From owner-freebsd-stable@FreeBSD.ORG  Wed Aug 10 16:00:21 2011
Return-Path: <owner-freebsd-stable@FreeBSD.ORG>
Delivered-To: freebsd-stable@freebsd.org
Received: from mx1.freebsd.org (mx1.freebsd.org [IPv6:2001:4f8:fff6::34])
	by hub.freebsd.org (Postfix) with ESMTP id ACA07106564A
	for <freebsd-stable@freebsd.org>; Wed, 10 Aug 2011 16:00:21 +0000 (UTC)
	(envelope-from jdc@koitsu.dyndns.org)
Received: from qmta06.westchester.pa.mail.comcast.net
	(qmta06.westchester.pa.mail.comcast.net [76.96.62.56])
	by mx1.freebsd.org (Postfix) with ESMTP id 5E8218FC22
	for <freebsd-stable@freebsd.org>; Wed, 10 Aug 2011 16:00:21 +0000 (UTC)
Received: from omta11.westchester.pa.mail.comcast.net ([76.96.62.36])
	by qmta06.westchester.pa.mail.comcast.net with comcast
	id Jfv81h0020mv7h056g0MbW; Wed, 10 Aug 2011 16:00:21 +0000
Received: from koitsu.dyndns.org ([67.180.84.87])
	by omta11.westchester.pa.mail.comcast.net with comcast
	id Jg0L1h00N1t3BNj3Xg0Lpk; Wed, 10 Aug 2011 16:00:21 +0000
Received: by icarus.home.lan (Postfix, from userid 1000)
	id 050B0102C19; Wed, 10 Aug 2011 09:00:19 -0700 (PDT)
Date: Wed, 10 Aug 2011 09:00:19 -0700
From: Jeremy Chadwick <freebsd@jdc.parodius.com>
To: Steven Hartland <killing@multiplay.co.uk>
Message-ID: <20110810160018.GA40279@icarus.home.lan>
References: <47F0D04ADF034695BC8B0AC166553371@multiplay.co.uk>
	<20110810151256.GA38601@icarus.home.lan>
	<ADF5E597D1C0428D8FB838D94BDEB3A4@multiplay.co.uk>
MIME-Version: 1.0
Content-Type: text/plain; charset=us-ascii
Content-Disposition: inline
In-Reply-To: <ADF5E597D1C0428D8FB838D94BDEB3A4@multiplay.co.uk>
User-Agent: Mutt/1.5.21 (2010-09-15)
Cc: freebsd-stable@freebsd.org
Subject: Re: debugging frequent kernel panics on 8.2-RELEASE
X-BeenThere: freebsd-stable@freebsd.org
X-Mailman-Version: 2.1.5
Precedence: list
List-Id: Production branch of FreeBSD source code <freebsd-stable.freebsd.org>
List-Unsubscribe: <http://lists.freebsd.org/mailman/listinfo/freebsd-stable>, 
	<mailto:freebsd-stable-request@freebsd.org?subject=unsubscribe>
List-Archive: <http://lists.freebsd.org/pipermail/freebsd-stable>
List-Post: <mailto:freebsd-stable@freebsd.org>
List-Help: <mailto:freebsd-stable-request@freebsd.org?subject=help>
List-Subscribe: <http://lists.freebsd.org/mailman/listinfo/freebsd-stable>,
	<mailto:freebsd-stable-request@freebsd.org?subject=subscribe>
X-List-Received-Date: Wed, 10 Aug 2011 16:00:21 -0000

On Wed, Aug 10, 2011 at 04:46:17PM +0100, Steven Hartland wrote:
> >On Wed, Aug 10, 2011 at 03:22:52PM +0100, Steven Hartland wrote:
> >>The base stack reported is a double fault with no additional
> >>details and CTRL+ALT+ESC fails to break to the debugger as
> >>does and NMI, even though it at least tries printing the
> >>following many times some quite jumbled:-
> >>NMI ... going to debugger
> 
> >If you're generating the NMI yourself (possibly via the KVM, etc.) then
> >okay, that's different.  I'm trying to discern whether or not *you're*
> >generating the NMI, or if the NMI just happens and causes a panic for
> >you and that's what you're worried about.
> 
> Yer generating it after panic in order to try and get to the debugger :)

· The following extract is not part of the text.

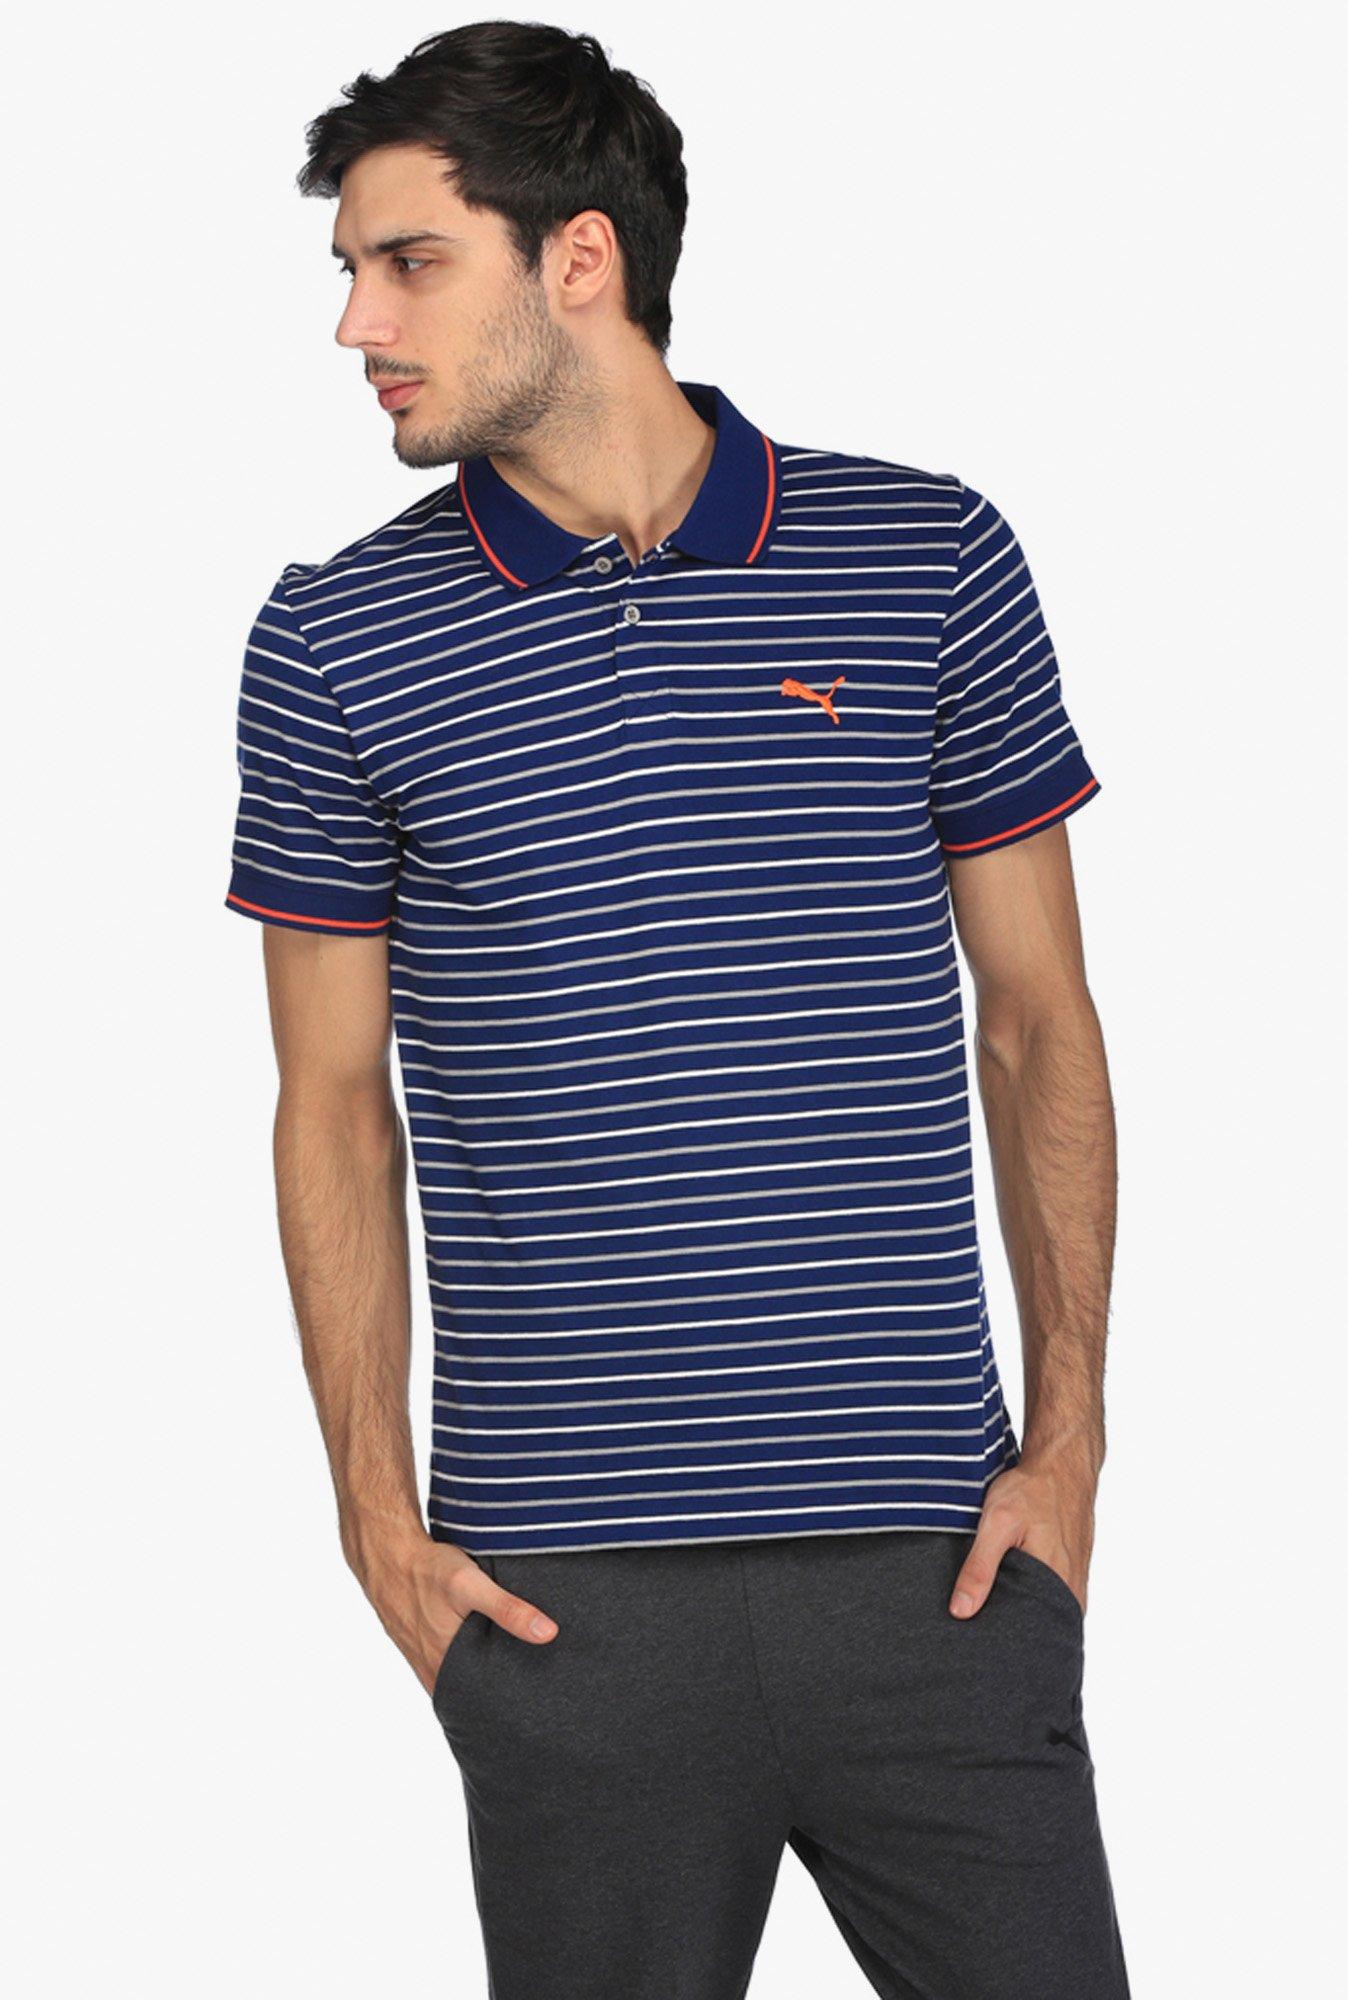 59c4053e Buy Puma Navy Slim Fit Striped Polo T-Shirt for Men Online @ Tata ...

Understood, thanks for clarifying.

> >Now to discuss the "jumbled console output":
> ...
> >The default (assuming your kernel configs are based off of GENERIC
> >within the past 4-5 years) is 128.  However, the same developers stated
> >that they have great reservations over increasing this number
> >dramatically (meaning, something like 256 will probably work, but larger
> >"may have repercussions which are unknown at this time").
> 
> Might try that if it will help but with so many production machines to
> action I'd like to try and avoid if possible.

I've used PRINTF_BUFR_SIZE=256 with success on our systems, but since it
doesn't actually *solve* the problem, I just use the default 128 and
just grit my teeth when we experience it.  It's larger values (e.g.
512/1024, etc.) which there is concern over.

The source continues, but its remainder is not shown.